Out of the Humidor
From the Print Edition:
Denzel Washington, Jan/Feb 98
(continued from page 2)
As my reward for being selected "Sailor of the Quarter" in September 1959, a chief petty officer treated me to dinner one night. He took me to the Cuba Alliance in Yokosuka, Japan, where we had an excellent meal followed by a Drambuie and a corona--a Golden Tabacalera cigar. It was the finest meal I had ever eaten, my first Drambuie and my first cigar. By the end of the evening, I thought I had died and gone to heaven!
I spent 25 years in the Navy and never forgot that wonderful experience. When I became a chief petty officer and then a warrant officer, I often used a good meal and a good cigar as a reward for a job well done by one of my sailors. I also used a good meal, a good cigar and a Drambuie to reward myself for having had a good day, or a bad day, whichever.
Then, when my children got old enough to be a major pain in the neck, they joined their mom in a campaign to make me give up cigars. So, in 1986, I gave up smoking altogether because I love my wife and children; I also love a little peace and quiet around the house.
My son, Walter, grew into a fine young man and started his own business here in Austin. He is a good son and often comes to visit his old dad, usually to borrow something or use my nice garage to work on one of his classic old Mustangs. Imagine my surprise when one day he offers me a Macanudo Ascot! My first reaction was, "Is this some kind of joke?" "Well Dad," he explained, "Austin is a pretty happening place for cigar smokers these days. Almost all of my friends visit brew pubs and smoke good cigars now." He then tells me he often goes out for a fine meal followed by a B&B and a good cigar. "Yeah, Dad, you ought to try it yourself sometime!"
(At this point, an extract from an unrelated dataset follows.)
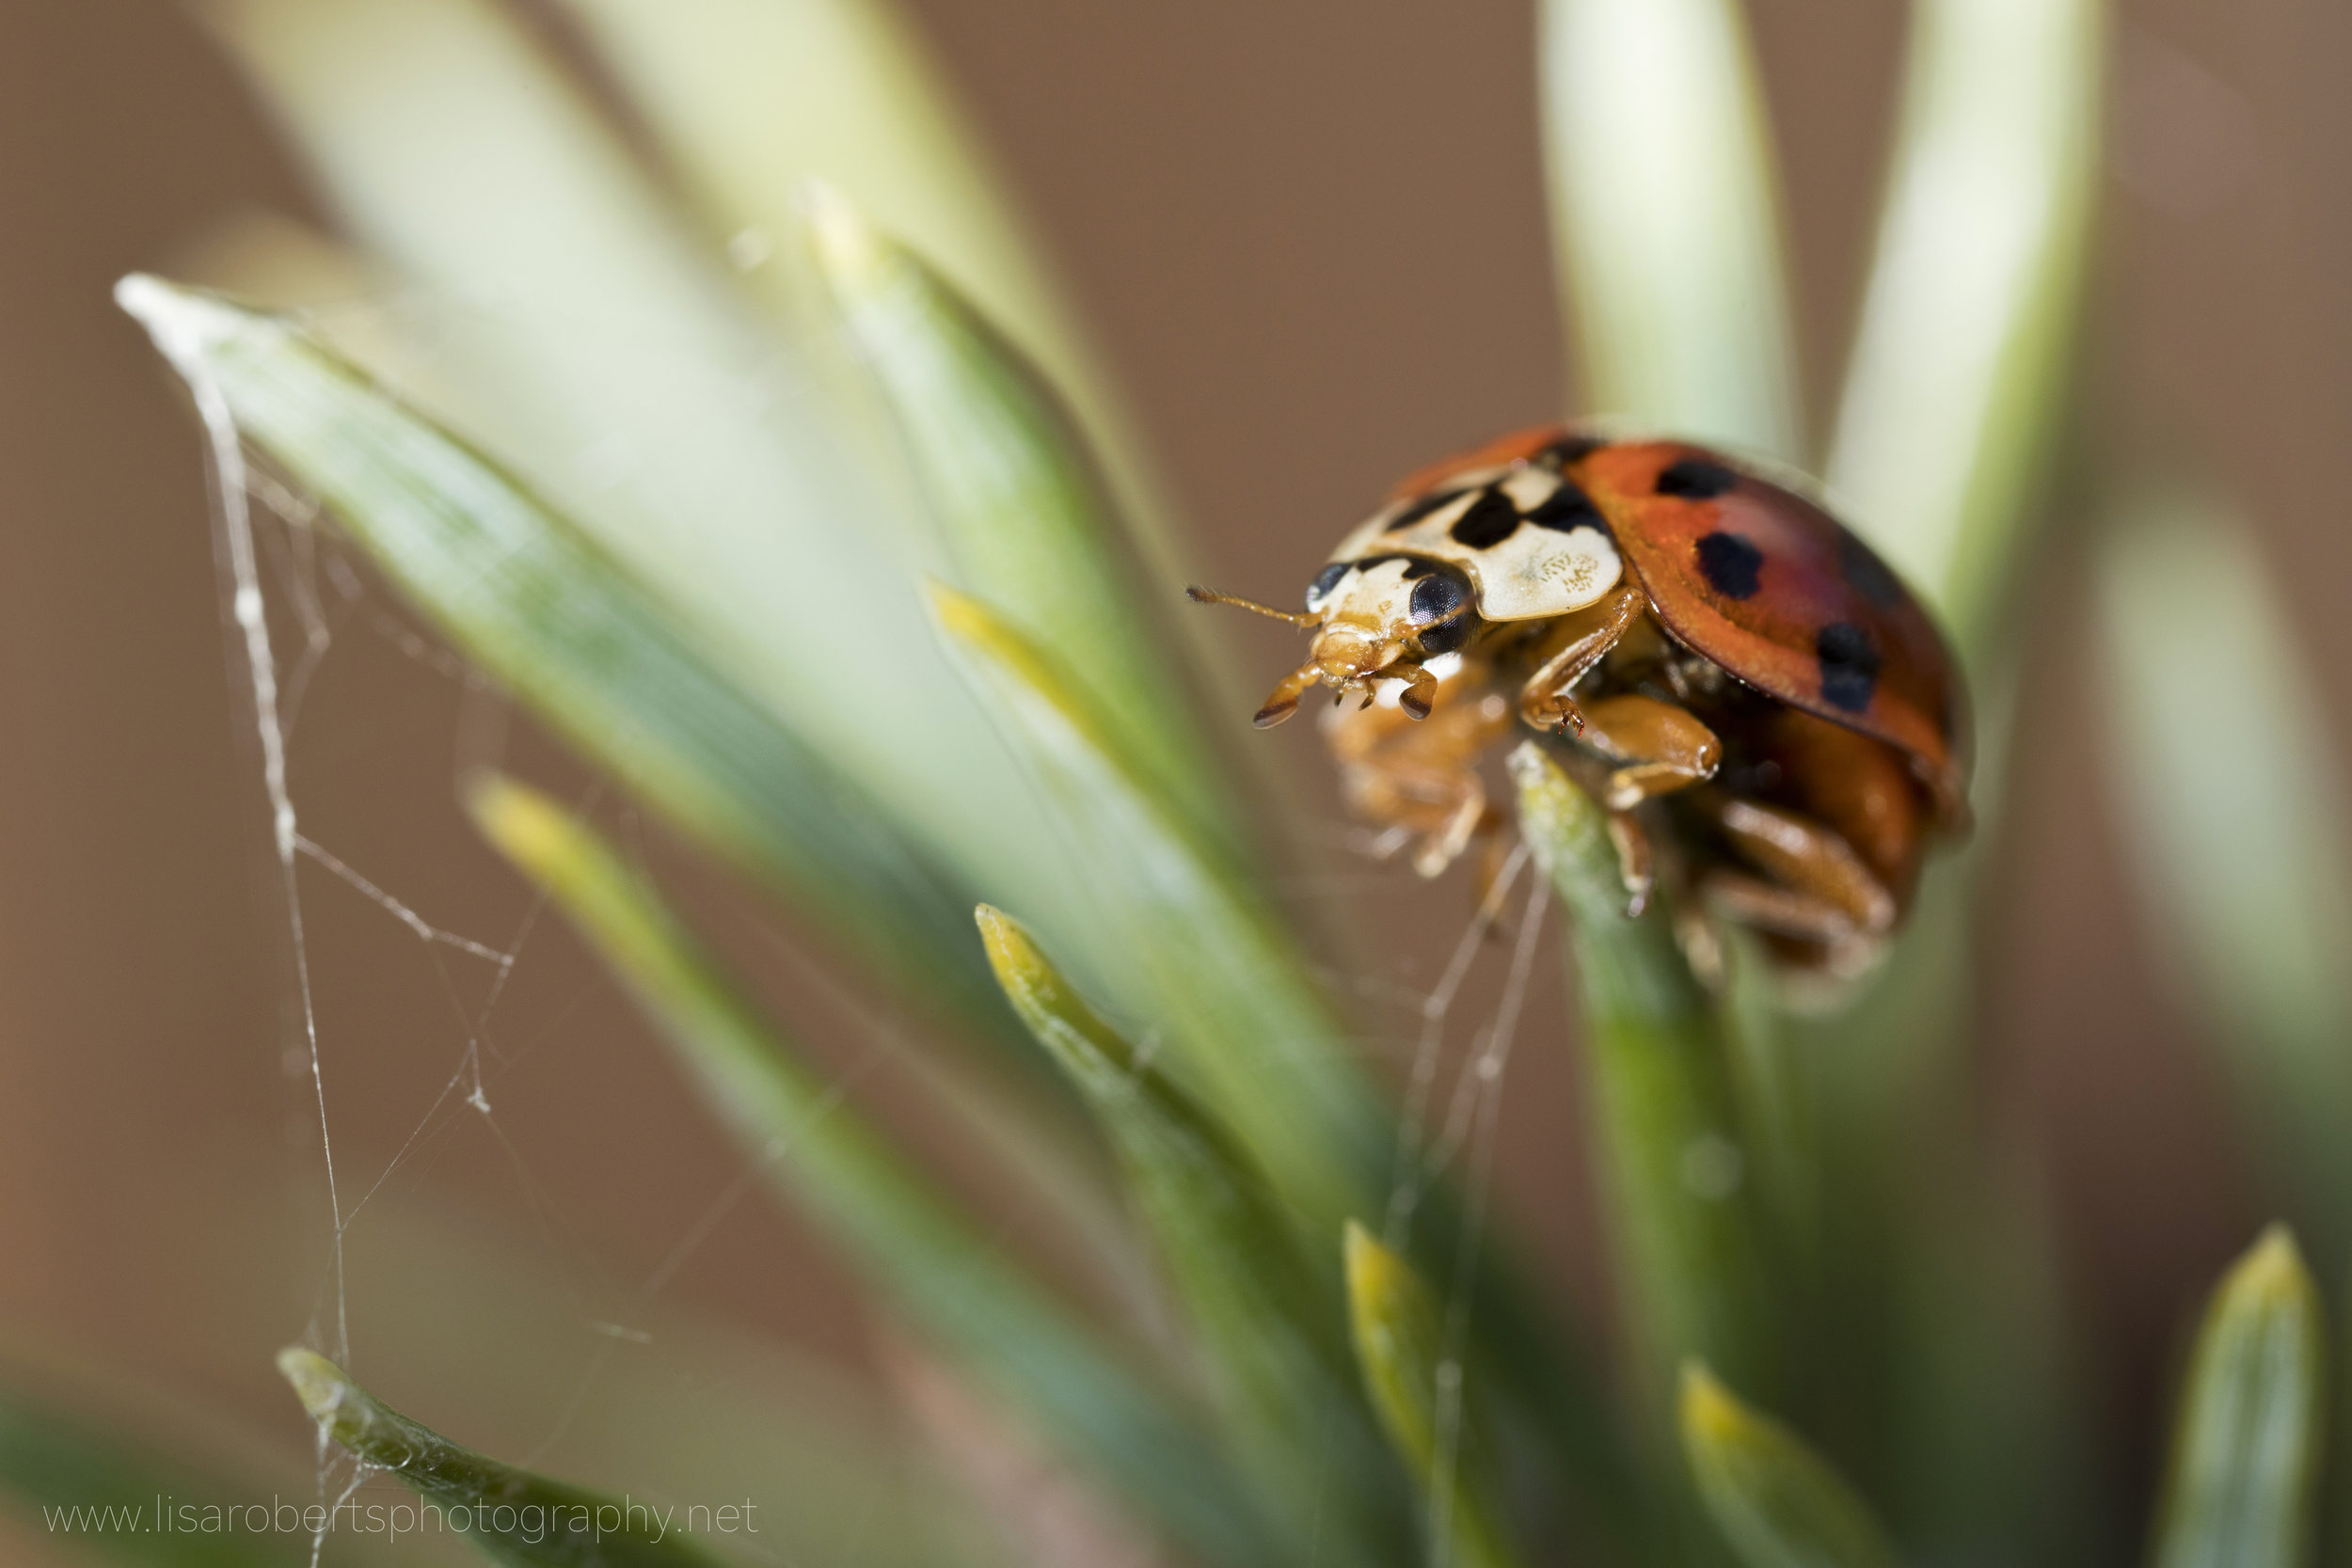  Ladybird on shrub

Well, since that memorable afternoon, Walter and his friend, Luther, and I have enjoyed some of the finest cigars made. I smoke mostly Cuesta Rey Cabinet 1884. However, Walter and Luther both have well-stocked humidors and often share one of their aged treasures with me, or they stop in at Wiggies on 6th Street and buy something special when they visit. To date, we have enjoyed Don Lino, Arturo Fuente, Dunhills, Romeo y Julieta, Montecristo and many more. Life doesn't get much better than having a good cigar after dinner with your older and wiser son, and his friends. We often sit on my front porch in the soft summer evenings enjoying each other's company with a Drambuie or B&B, and a fine cigar.
In an odd twist of fate, my son, Walter Payne, is now president of the Texas Cigar Smokers Association. Here in Texas, they have an old saying: "What goes around, comes around." Must be something to that.